Kiew, 14.09.18 (poi) Die ukrainisch-orthodoxe Kirche des Moskauer Patriarchats ist eine „unabhängige Kirche, die über alle Attribute verfügt, um in der heutigen Zeit den Dienst für Gott und das Volk leisten zu können“: Dies betonte der Metropolit von Kiew, Onufrij (Berezowskij), am Freitag in einem Interview mit dem ukrainischen TV-Sender „Inter“. Krankheitshalber konnte der Metropolit nicht an der Sondersitzung des Heiligen Synods des Moskauer Patriarchats teilnehmen, beteiligte sich aber über Skype an der Diskussion. In dem TV-Interview erinnerte Metropolit Onufrij daran, dass die ukrainisch-orthodoxe Kirche ihren eigenen Heiligen Synod und ihren eigenen Bischofsrat hat. Die Entscheidungen des Bischofsrates seien unabhängig, niemand könne ein Veto dagegen einlegen. Es gebe einen kirchlichen Gerichtshof in Kiew und völlige wirtschaftliche und administrative Unabhängigkeit. Ein „Tomos“ zur Verkündigung der Autokephalie aus Konstantinopel würde die Unabhängigkeit seiner Kirche einschränken, sagte der Metropolit: „Wir brauchen das nicht“.

Die ukrainische Kirche habe spirituelle, kanonische und kulturelle Verbindungen mit dem Moskauer Patriarchat, das sei normal, stellte Metropolit Onufrij fest. Die Kirche sei keine politische Organisation, die sich heute dahin und morgen dorthin wende, die Kirche liebe alle, „die Russen, die Amerikaner, die Afrikaner, die Asiaten: „Wir haben keine Feinde. Wir haben Gegner, aber sie sind nicht unsere Feinde, wir beten für sie“.

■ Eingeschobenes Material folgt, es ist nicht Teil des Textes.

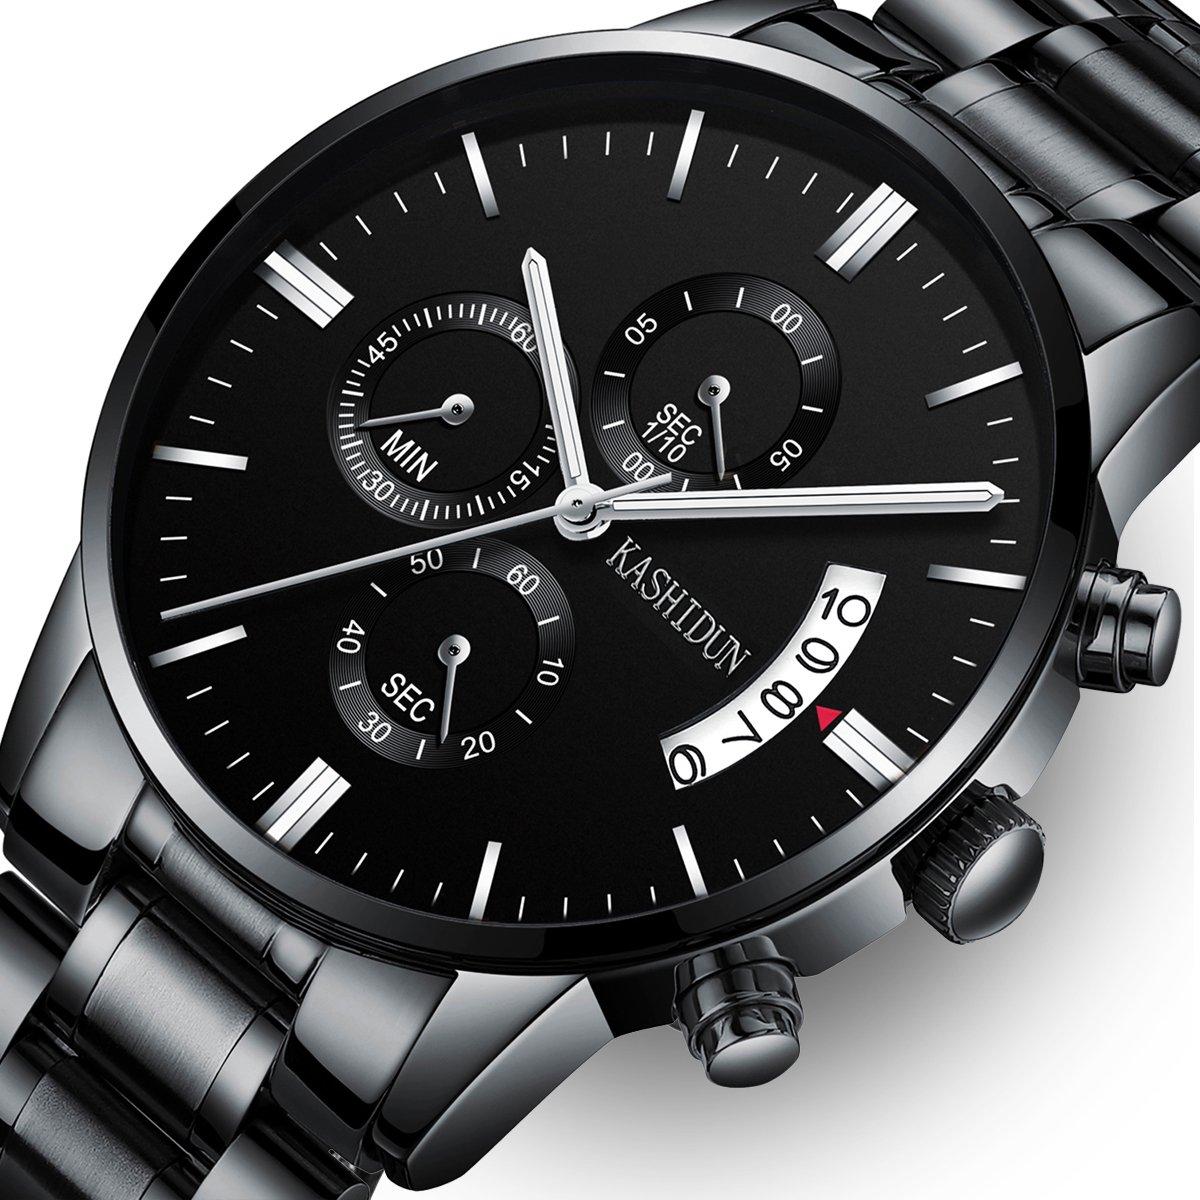 Mens Stainless Steel Watches Men Chronograph Waterproof Sport Date Quartz Wristwatch Classic Watch Black Color by KASHIDUN (Image #1)

Konstantinopel habe kein Recht, Exarchen in die Ukraine zu entsenden, das sei eine nicht dem Kirchenrecht entsprechende Aktion, unterstrich der Metropolit und schloss eine historische Abrechnung an: Die Kirche von Konstantinopel sei einst eine mächtige Kirche gewesen, die praktisch die ganze zivilisierte Welt umfasst habe. Sie sei mit dem Oströmischen Reich deckungsgleich gewesen. Aber heute gebe es kein Oströmisches Reich mehr, „sie leben in der Vergangenheit“. Statt dieses großen Staates gebe es die Türkei, wo man die orthodoxen Christen an den Fingern einer Hand abzählen könne: „Jene, die uns heute belehren und uns sagen wollen, wie wir leben sollen, haben zugelassen, dass ihre Heimat aus einem machtvollen orthodoxen Staat zu einem islamischen Land wurde. Sie haben weder das moralische noch das kanonische Recht, Exarchen für die Ukraine zu ernennen und in unsere Angelegenheiten einzugreifen“. Einmischung in die Angelegenheiten einer anderen Kirche sei „eine Sünde“, die zu einer weltweiten Spaltung führen könne.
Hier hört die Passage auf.